Named capture groups can be called using (?&name) syntax.

>>> row = 'today,2008-03-24,food,2012-08-12,nice,5632'

>>> regex.search(r'(?P<date>\d{4}-\d{2}-\d{2}).*(?&date)', row)[0]
'2008-03-24,food,2012-08-12'

Set start of matching portion with \K

Some of the positive lookbehind cases can be solved by adding \K as a suffix to the pattern to be asserted. The text consumed until \K won't be part of the matching portion. In other words, \K determines the starting point. The pattern before \K can be variable length too.

# similar to: r'(?<=\b\w)\w*\W*'
# text matched before \K won't be replaced
>>> regex.sub(r'\b\w\K\w*\W*', '', 'sea eat car rat eel tea')
'secret'

# variable length example
>>> s = 'cat scatter cater scat concatenate catastrophic catapult duplicate'
# replace only the third occurrence of 'cat'
>>> regex.sub(r'(cat.*?){2}\Kcat', '[\g<0>]', s, count=1)
'cat scatter [cat]er scat concatenate catastrophic catapult duplicate'
# replace every third occurrence
>>> regex.sub(r'(cat.*?){2}\Kcat', '[\g<0>]', s)
'cat scatter [cat]er scat concatenate [cat]astrophic catapult duplicate'

Here's another example that won't work if greedy quantifier is used instead of possessive.

>>> row = '421,cat,2425,42,5,cat,6,6,42,61,6,6,6,6,4'

# lookarounds used to ensure start and end of columns
# possessive quantifier used to ensure partial column is not captured
# if a column has same text as another column, the latter column is deleted
>>> while (op := regex.subn(r'(?<![^,])([^,]++).*\K,\1(?![^,])', '', row))[1]:
...     row = op[0]
... 
>>> row
'421,cat,2425,42,5,6,61,4'

Variable length lookbehind

The regex module allows variable length lookbehind without needing any special settings.

>>> s = 'pore42 tar3 dare7 care5'
>>> regex.findall(r'(?<!tar|dare)\d+', s)
['42', '5']
>>> regex.findall(r'(?<=\b[pd][a-z]*)\d+', s)
['42', '7']
>>> regex.sub(r'(?<=\A|,)(?=,|\Z)', 'NA', ',1,,,two,3,,,')
'NA,1,NA,NA,two,3,NA,NA,NA'

>>> regex.sub(r'(?<=(cat.*?){2})cat', 'X', 'cat scatter cater scat', count=1)
'cat scatter Xer scat'

>>> bool(regex.search(r'(?<!cat.*)dog', 'fox,cat,dog,parrot'))
False
>>> bool(regex.search(r'(?<!parrot.*)dog', 'fox,cat,dog,parrot'))
True

As lookarounds do not consume characters, don't use variable length lookbehind between two patterns. Use negated groups instead.

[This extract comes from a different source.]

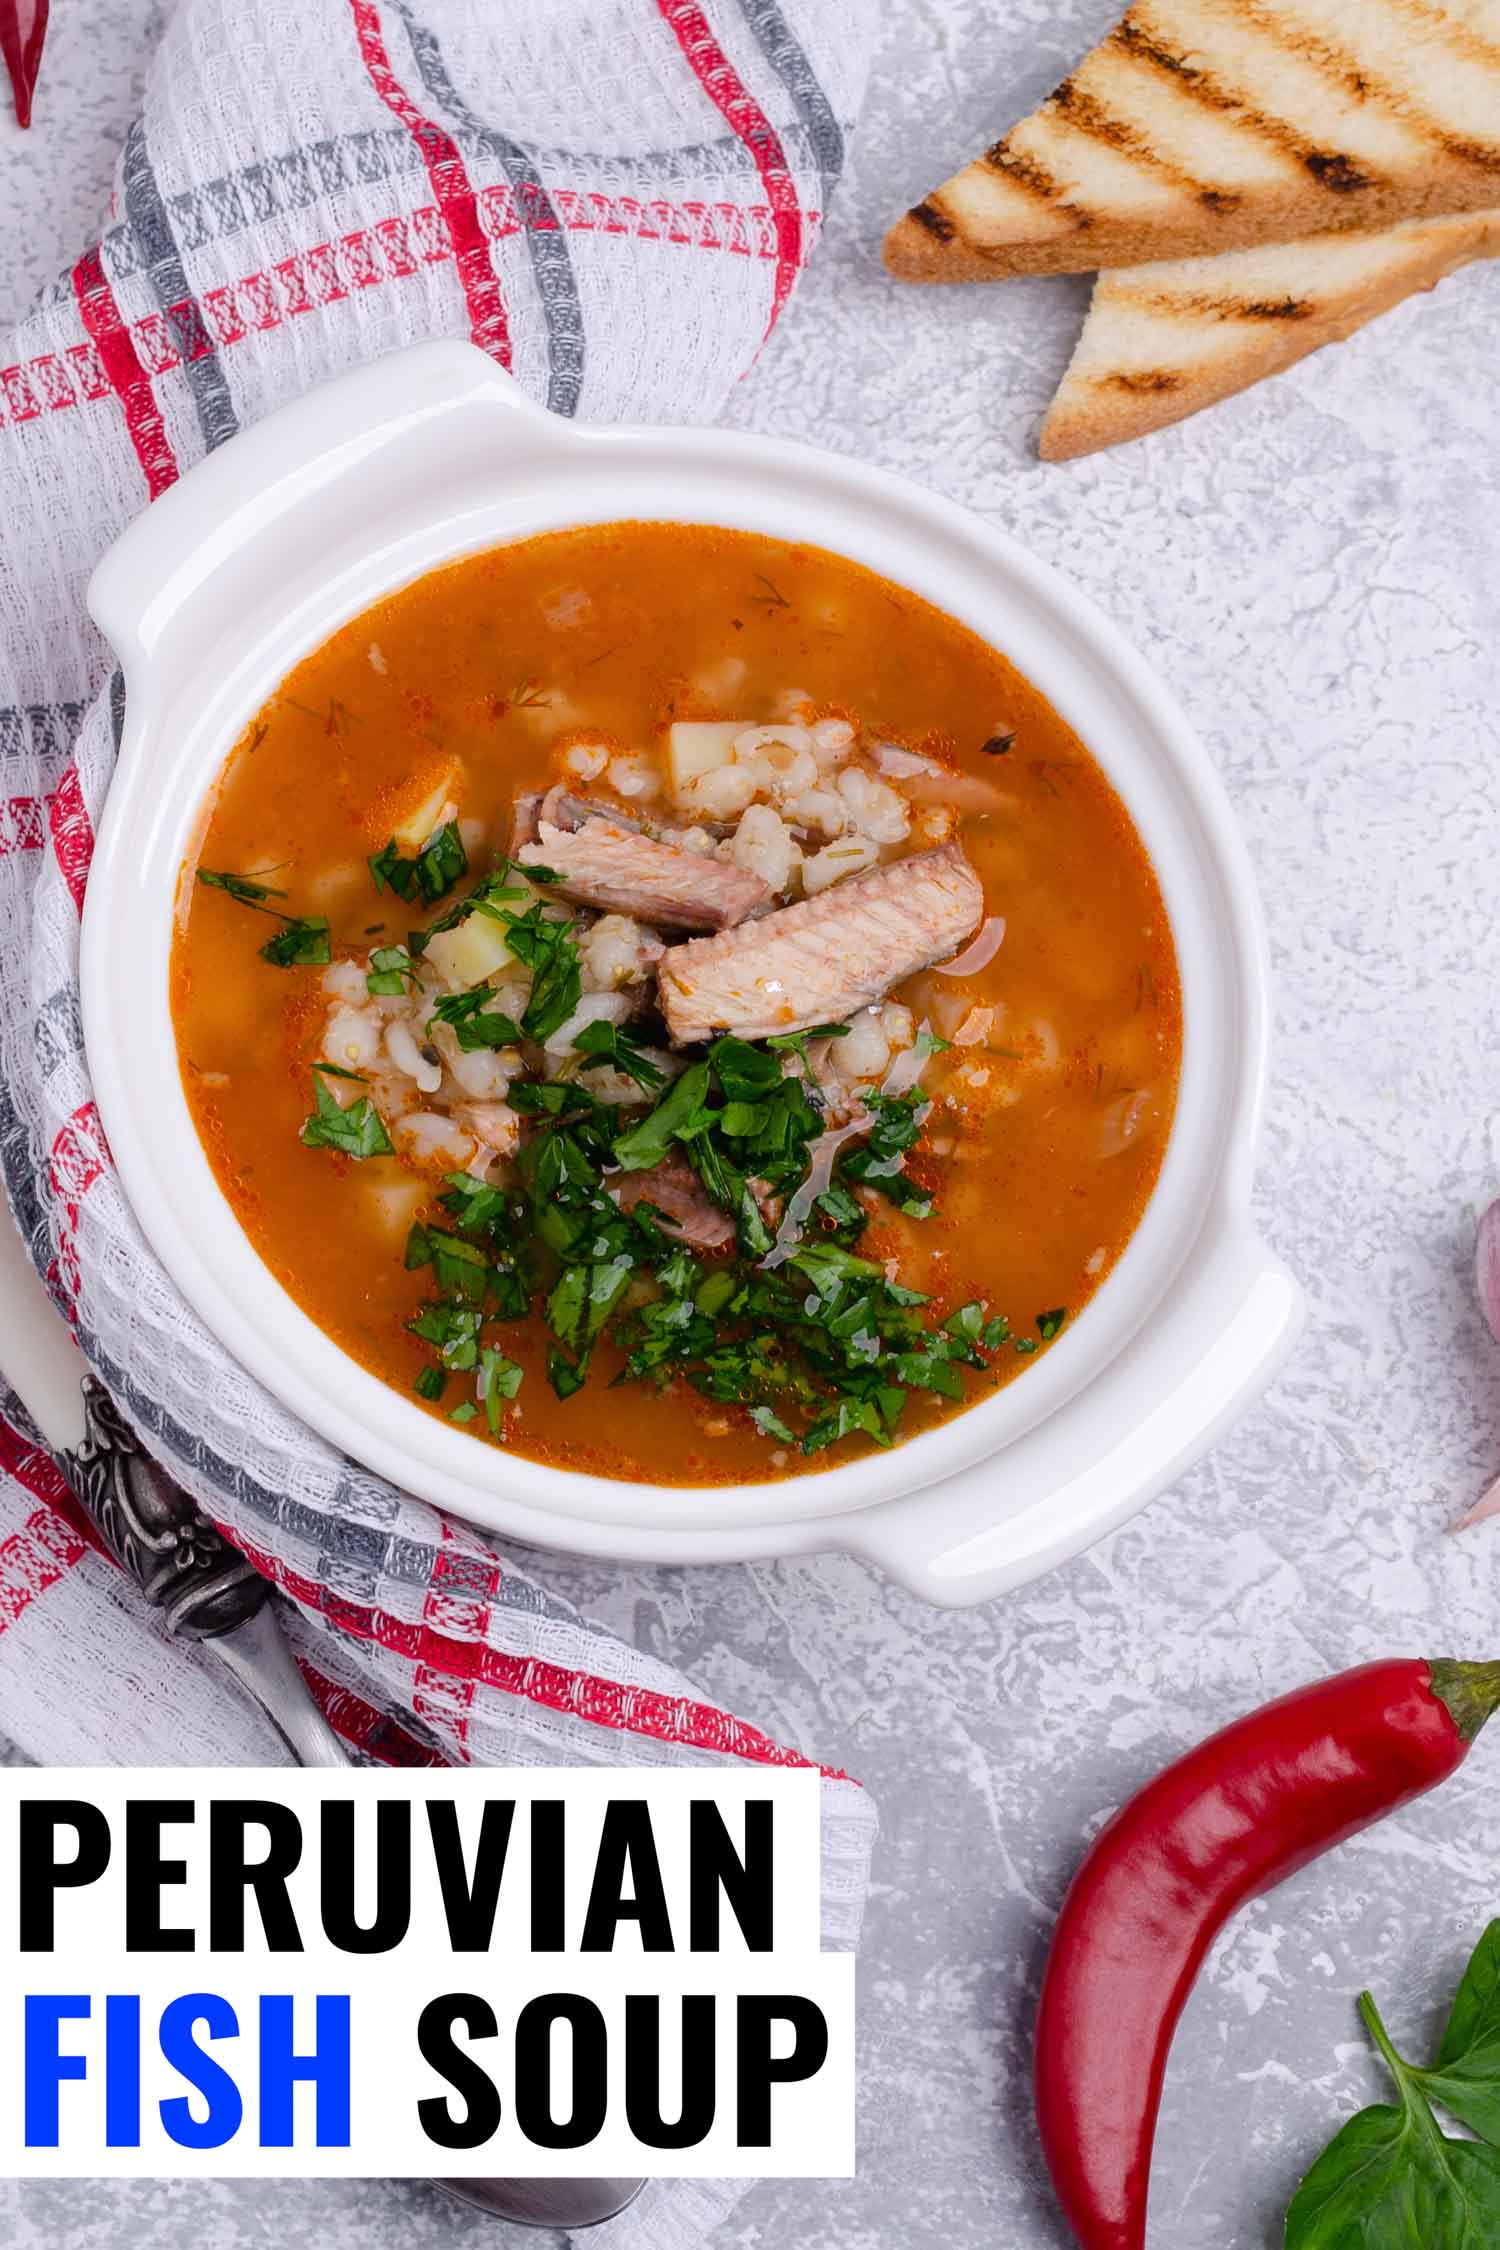 Peruvian fish soup called sudado in a white bowl.

# match if 'go' is not there between 'at' and 'par'
# lookaround won't work here
>>> bool(regex.search(r'at(?<!go.*)par', 'fox,cat,dog,parrot'))
False

# use negated group instead
>>> bool(regex.search(r'at((?!go).)*par', 'fox,cat,dog,parrot'))
True

\G anchor

The \G anchor matches the start of the input string, just like the \A anchor. In addition, it will also match at the end of the previous match. This helps you to mark a particular location in the input string and continue from there instead of having the pattern to always check for the specific location. This is best understood with examples.

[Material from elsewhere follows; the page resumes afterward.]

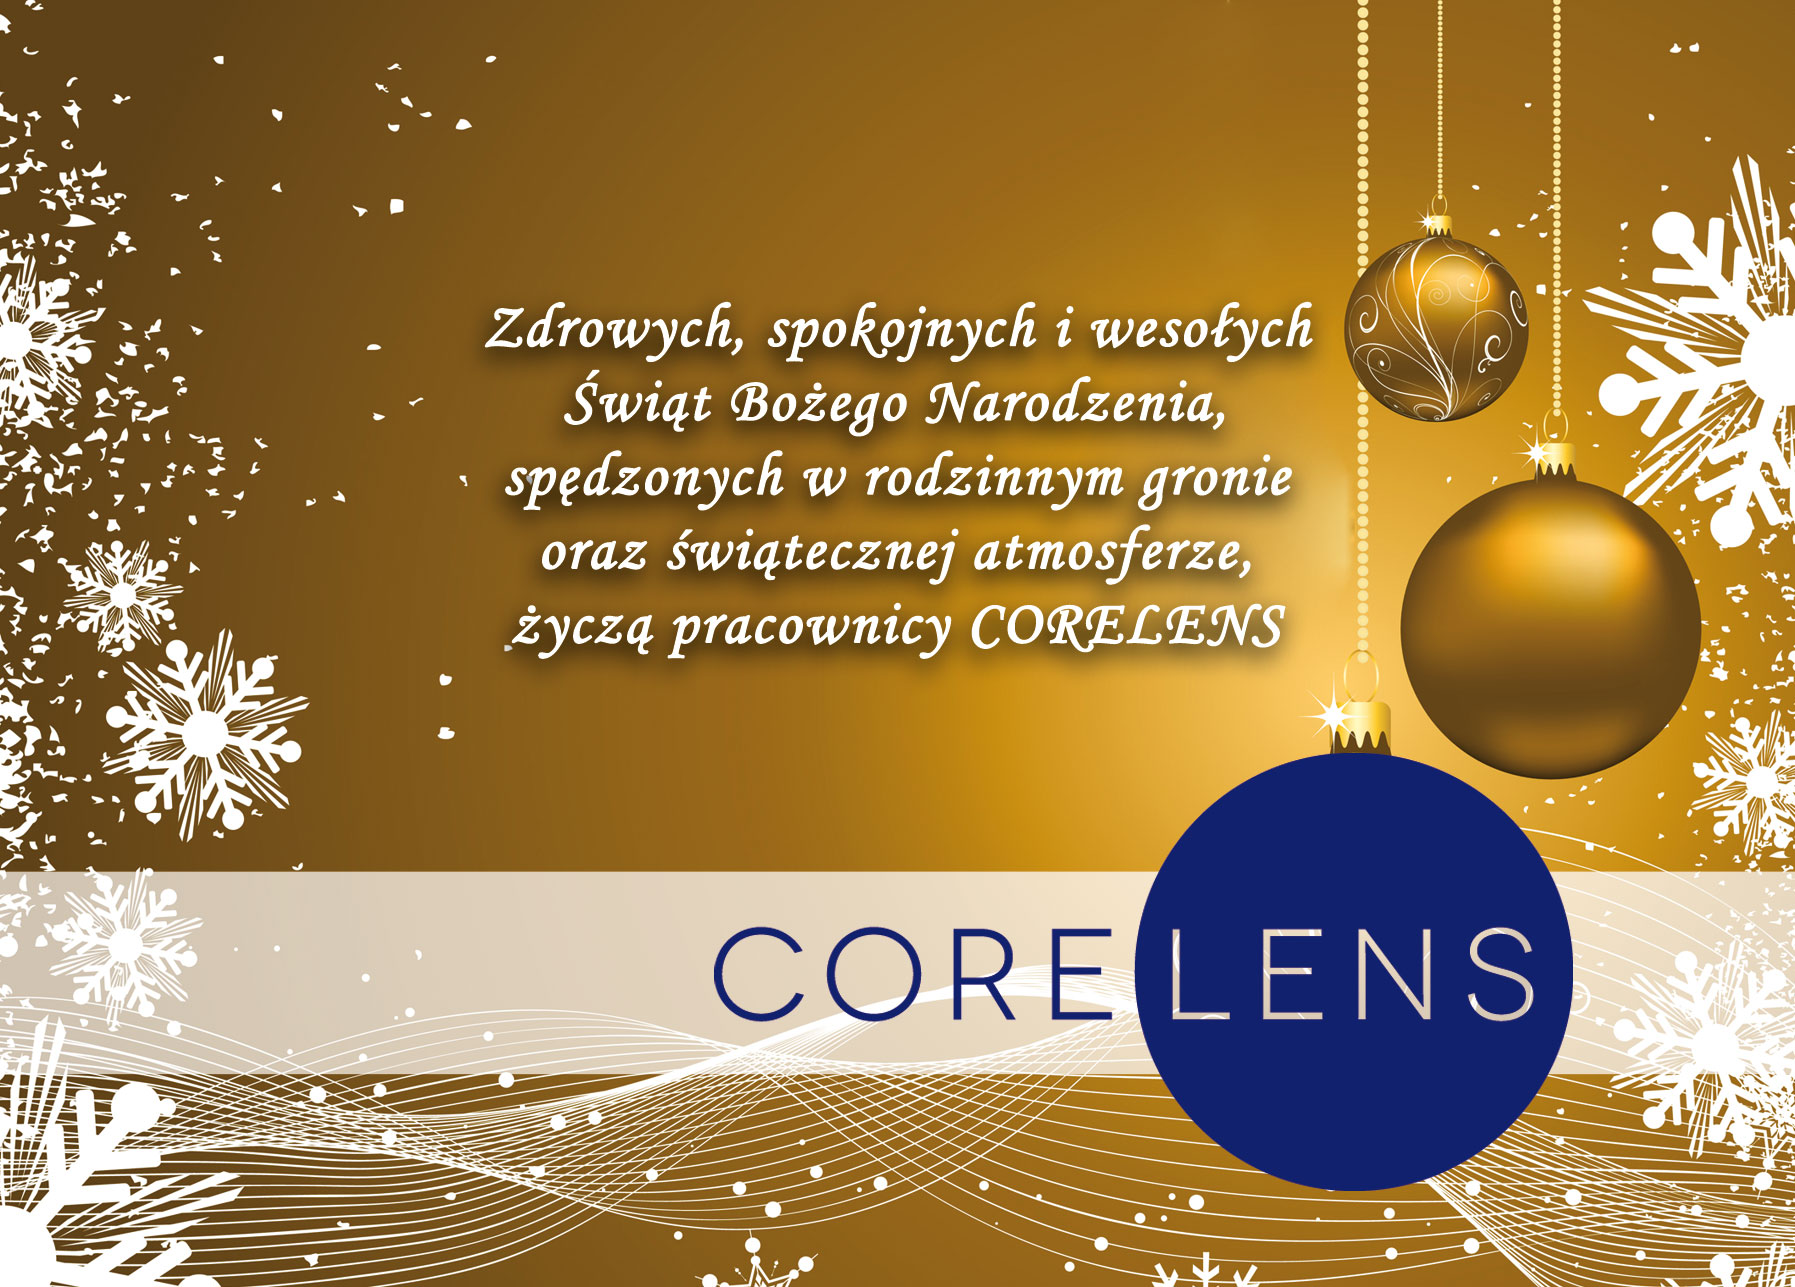 corelens-kartka-gotowo2

First, a simple example of using \G without alternations. The goal is to replace every character of the first field with * where whitespace is the field separator.

>>> record = '123-456-7890 Joe (30-40) years'

# simply using \S will replace all the non-whitespace characters
>>> regex.sub(r'\S', '*', record)
'************ *** ******* *****'
# naively adding the \A anchor replaces only the first one
>>> regex.sub(r'\A\S', '*', record)
'*23-456-7890 Joe (30-40) years'

# one workaround is to continuously assert the matching condition
# here, it is non-whitespace characters from the start of the string
>>> regex.sub(r'(?<=\A\S*)\S', '*', record)
'************ Joe (30-40) years'

# \G is a simpler solution for such cases
>>> regex.sub(r'\G\S', '*', record)
'************ Joe (30-40) years'
>>> regex.findall(r'\G\S', record)
['1', '2', '3', '-', '4', '5', '6', '-', '7', '8', '9', '0']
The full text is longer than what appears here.